Когда сержант Джонс помог ей забраться в машину и они отъехали от дома, инспектор повернулась к нему и сказала:
— Мы должны немедленно запросить постановление на обыск.
— Уже звоню. — Сержант вынул телефон.
Инспектор Барри поморщилась и схватилась за живот.
— Что, пора? — встревожился он и прервал вызов. — Сумка у тебя с собой?
— Ребенок пинается, трус ты этакий! — сердито ответила она. — Звони насчет постановления.
На дворе опять неистовствовала буря. В доме было холодно, электричество отключилось. Герман, напуганный тем, что произошло, что еще произойдет, и тем, во что он превратился, забился в кровать с футболкой Эмбер и молил Бога, чтобы этот ужас кончился, чтобы она вернулась. Пусть полиция убедится, что он не трогал ее, даже не помышлял. Он обожает ее и ценит, он просто запутался, забыл, в каком мире живет. Пусть они приедут завтра — а они точно приедут — и увидят, что все в порядке, что все их вещи на месте и Эмбер вернулась. Внезапно в голову Герману пришла одна идея. Он никогда не бывал в кабинете ночью, пока печатался роман. Может быть, ему удастся уговорить их — кто бы они ни были — вернуть ему жену, а о деньгах он даже не просит. Ветер выл, и хлопали двери.

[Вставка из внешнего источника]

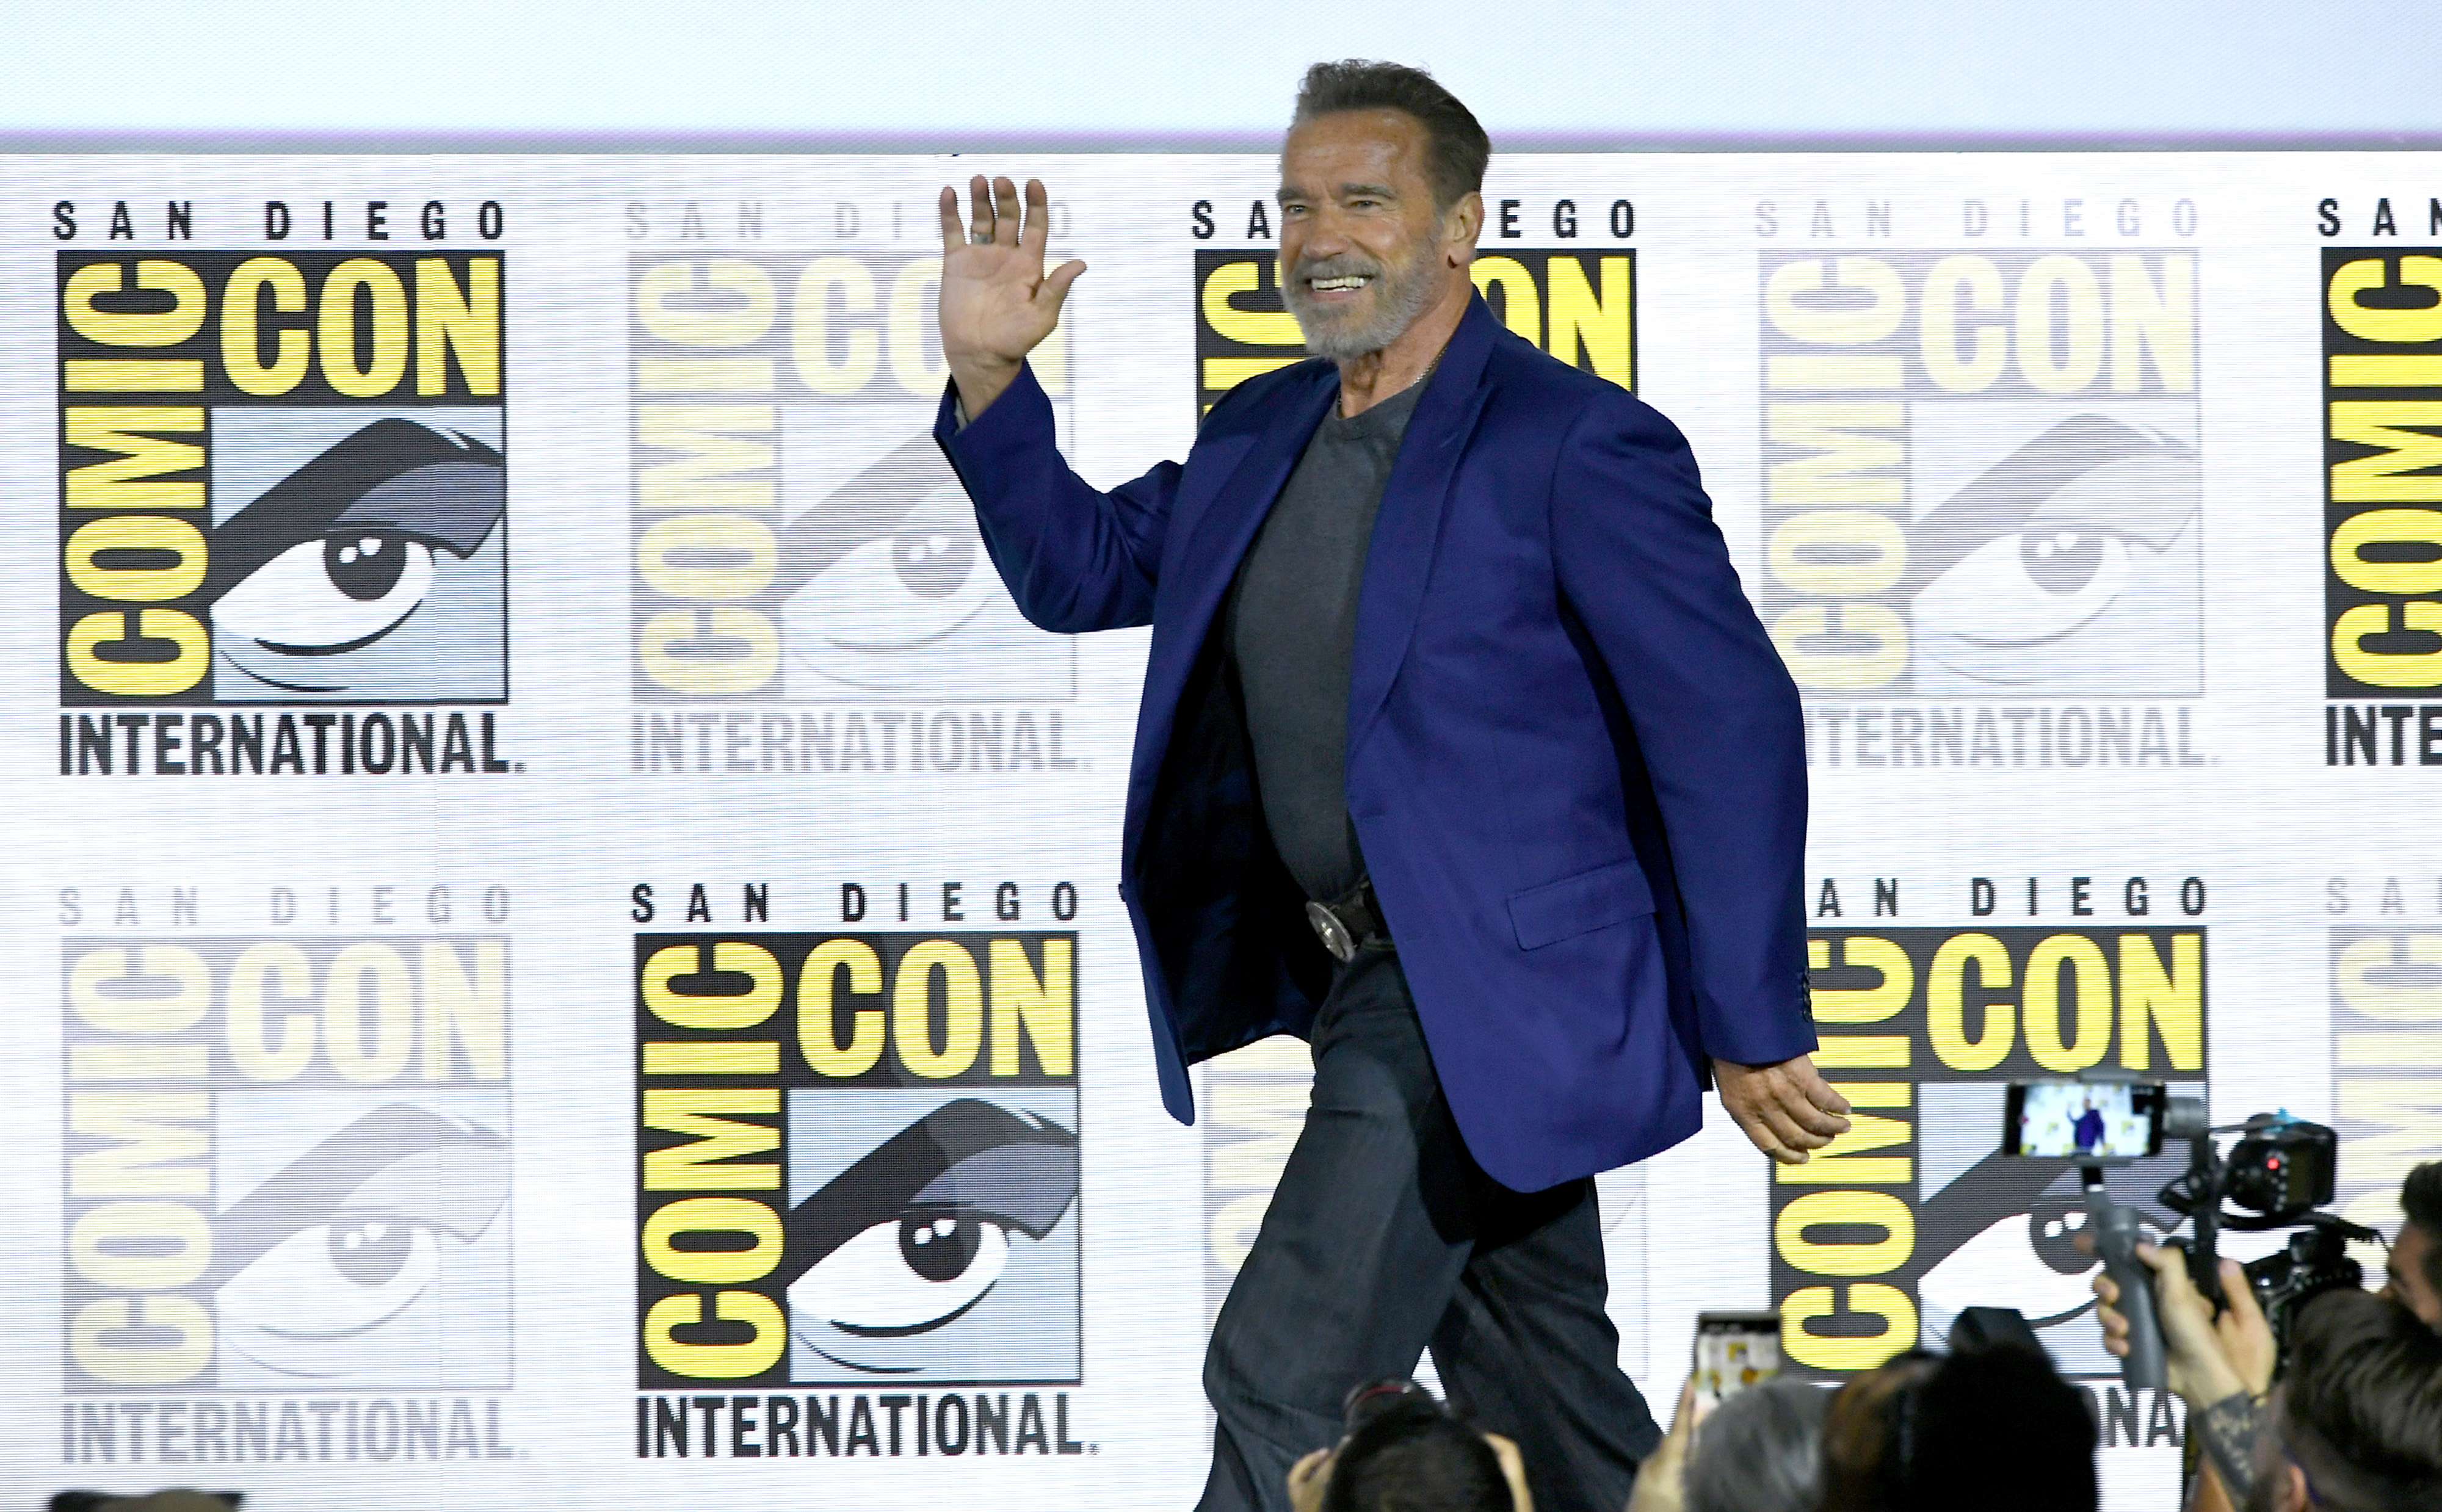  Arnold Schwarzenegger conquistó la Comic-Con de San Diego, con "Terminator: Dark Fate", la última entrega de esta saga de ciencia-ficción. (Foto Prensa Libre: AFP)

Он отпер дверь спальни и стал подниматься по лестнице в кабинет.
Герману показалось, что в такт его шагам стучит печатная машинка: тук-тук-тук. Он обмер и остановился. Тук-тук-тук. Там кто-то есть. Чувствуя, как засквозило из всех щелей, он поежился от страха и холода. Очутившись на площадке, он увидел, что дверь приоткрыта, и толкнул ее, но дверь с грохотом захлопнулась. Он в ужасе отпрыгнул и закричал:
— Кто там? Кто ты?
Ему не ответили, только машинка продолжала печатать: тук-тук-тук.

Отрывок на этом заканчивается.